Facebook’s struggle to define political speech is nothing new

May 3, 2019   •  By Brad Smith   •  

This piece originally appeared in Washington Examiner on May 1, 2019.

 

Oliver Wendell Holmes once said, “Every idea is an incitement.” Facebook founder Mark Zuckerberg expressed his dismay recently over the difficulty in defining political speech and called for more government regulation of internet communications:

“All of the laws around political advertising today primarily focus on a candidate and an election. … But that’s not, primarily, what we saw Russia trying to do. … What we saw them doing was talking about divisive political issues. … The current laws around what is political advertising don’t consider discussion of issues to be political. … You can’t say that an election is just some period before people go to vote. I mean, the kind of information operations that these folks are trying to do now are ongoing, permanently. … I just think we need new rules on this.”

Mr. Zuckerberg, meet the real world.

The question of what should be regulated as “political” speech may be new to Facebook, but it has vexed campaign finance reformers for decades. The Supreme Court has repeatedly faced this issue, most notably in the 1976 case, Buckley v. Valeo. There, the court wrestled with language in the Federal Election Campaign Act that regulated spending by any person or organization on speech “relative to” a candidate for office. As the court noted, “No speaker, in such circumstances, safely could assume that anything he might say upon [a] general subject would not be understood by some as an invitation [to vote for a particular candidate].”

Candidates’ reputations are often closely tied to specific issues; speech “relative to” a candidate could include anything from discussion of tax rates to government corruption to climate change.

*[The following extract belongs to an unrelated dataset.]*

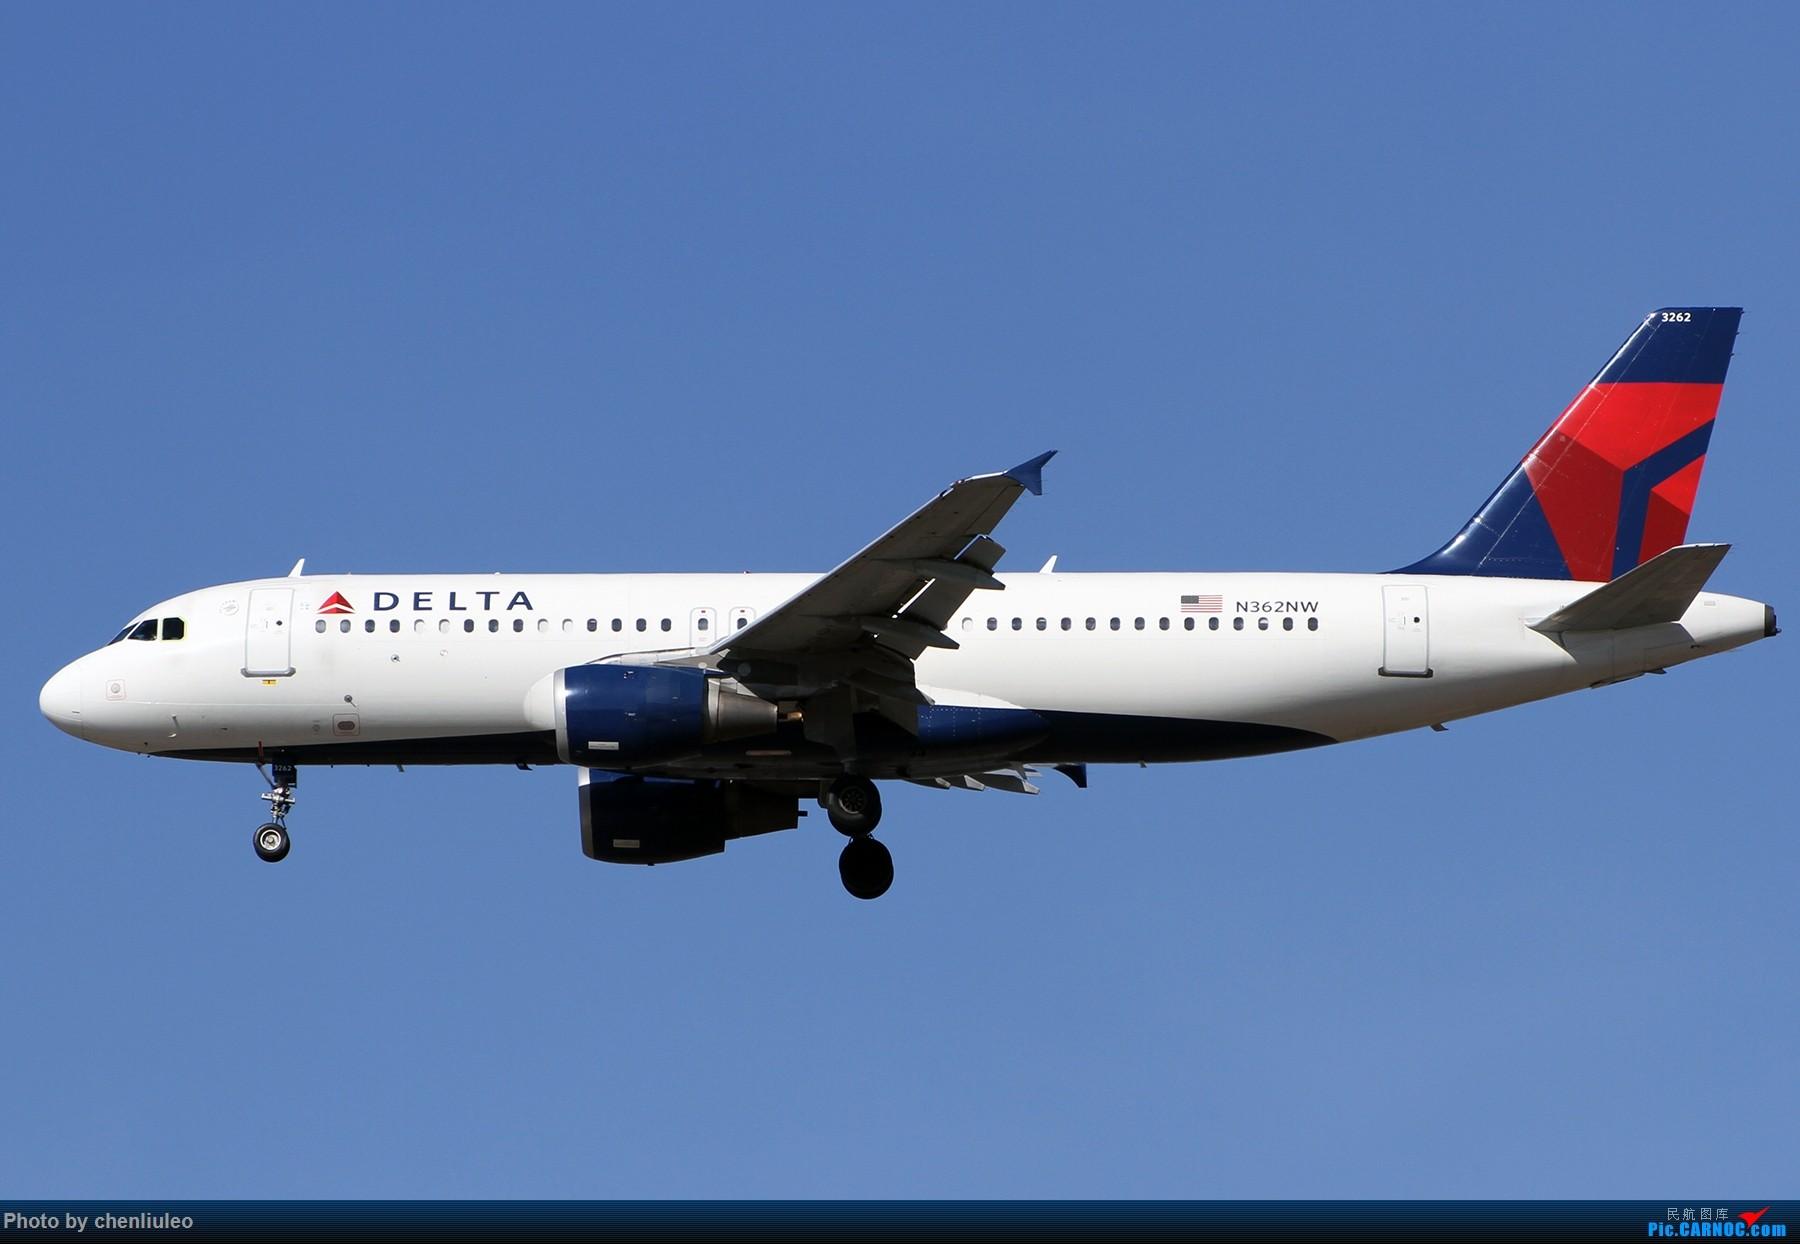 Re:[原创]【杭州飞友会】KSTL拍机。AA WN DL F9 BBJ 1800大图 AIRBUS A320-212 N362NW 美国圣路易斯机场

If any speech “relative to” a candidate, or the “discussion of issues” (to use Zuckerberg’s phrase) can be regulated because it is “political,” what is left of the First Amendment? The constitutional protections for freedom of speech, press, assembly, and petition were designed to protect, most importantly, speech about public affairs. The Supreme Court’s compromise answer in Buckley was to interpret the statute as applying only to direct financial contributions to candidates and political parties, and speech that specifically advocated the election or defeat of candidates with phrases such as “vote for” and “vote against.” It chose those categories because they presented the greatest possibility of quid pro quo corruption — trading votes for campaign favors.

Buckley’s refusal to let campaign finance laws swallow the First Amendment whole is one of the most important the court has ever made. So when Mr. Zuckerberg calls on the government to regulate “discussion of issues,” he is calling for massive government regulation of the marketplace of ideas.

He is asking the federal government to set broad standards on what Americans can say about public affairs, how they can finance their public communications, and what they must report about their associations and discussions to the government.

That is the catch: Zuckerberg may be aiming at foreign interference, but the regulatory burden is going to fall mainly on citizens who seek to speak about candidates, elections, and public affairs.

That this discussion was sparked by a piddling amount of Russian spending on bad memes in the 2016 election is particularly shameful. Buckley was decided at the height of the Cold War, when the Soviet Union was at its acme of power. Vietnam had collapsed; Cuban troops were fighting offensive actions in civil wars in Africa. Many experts expected that the Soviets would soon gain military superiority over the United States. Among other efforts to interfere in U.S. elections, in 1976, fearing that anti-communist Democrat Henry “Scoop” Jackson might win the presidency, the KGB forged FBI paperwork to make it appear Jackson was secretly gay and sent the fake reports to newspapers around the United States.

Yet even then, the court carefully guarded our First Amendment rights. The idea that we should now regulate the speech of Americans because Russia spent a few hundred thousand dollars on internet ads ought to strike us as absurd. But that’s what Zuckerberg, and, we should note, Democrats in Congress, are proposing.

The problem with trying to more broadly define “political” speech is, as Holmes said, that “every idea is an incitement.” The issue Zuckerberg identifies is not new. The question is whether, 30 years after victory in the Cold War, we are going to let a ham-fisted effort by the rump state of the Soviet Union cause us to surrender our First Amendment liberties.